Как бывает почти всегда, гон начался в ту самую секунду, когда меньше всего ожидаешь. Одновременно с лаем собаки в окладе раздался глухой винтовочный выстрел. "Стреляют, - что это значит?" - подумалось невольно.
Казавшийся незлобным лай собак доносился из глубины леса. Собаки переместились, и я отчетливо услыхал знакомый лай старого Мураша. Про себя я подумал: "Неужто так спокойно лает Мураш на зверя?.."
Бежавшего на меня зверя я увидел, когда уже утратилась, казалось, надежда. Переваливаясь по снегу, он вдруг показался в самом конце узкой чистинки. Зверь шел, как по заказу, серединой облюбованной мною просеки-чистинки. Я видел круглую его спину, широкую голову с маленькими ушами. Старчески лая, за ним на почтительном расстоянии следовал старый Мураш.

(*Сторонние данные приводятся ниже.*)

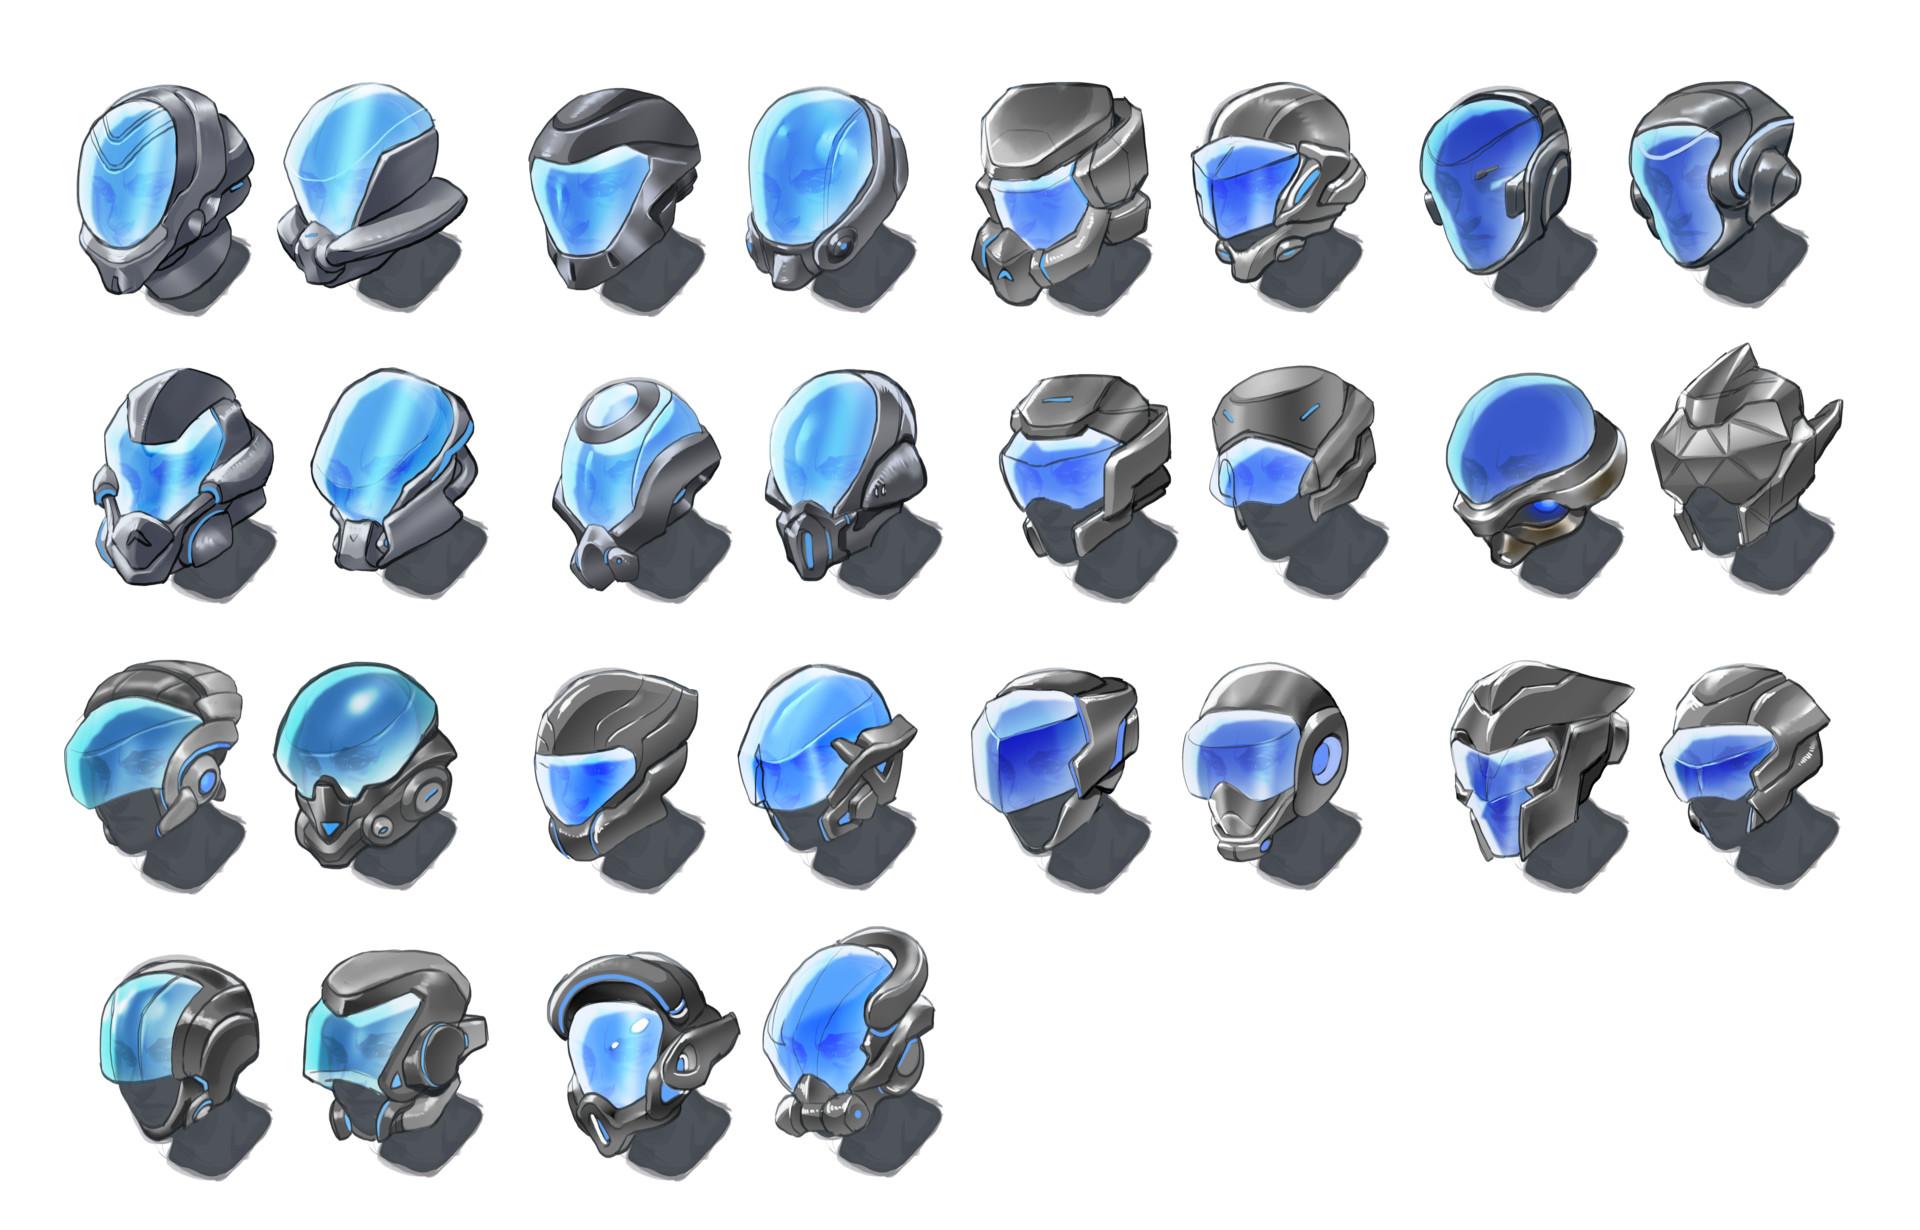 Meta olympia mightydynamo helmets

Я стоял неподвижно, держа на прицеле надвигавшуюся темную тушу. В прорезь мушки была видна седая от осыпавшегося снега косматая холка.
Не замечая меня, зверь шел неторопливо. Шагах в шести он остановился. Я близко видел круглое туловище, тупые, торчавшие на голове уши. Лежавшая на снегу сухая еловая макуша закрывала голову зверя. Он стоял как бы в раздумье перед макушей, перегородившей ему дорогу.
После выстрела, прозвучавшего в лесу одиноко, зверь опустился на снег. Как бы желая хорошенько проверить, опытный Мураш, не раз побывавший в опасных схватках, не приближаясь, сделал большой круг возле лежавшего на снегу смертельно раненного зверя и опять деловито направился в лес...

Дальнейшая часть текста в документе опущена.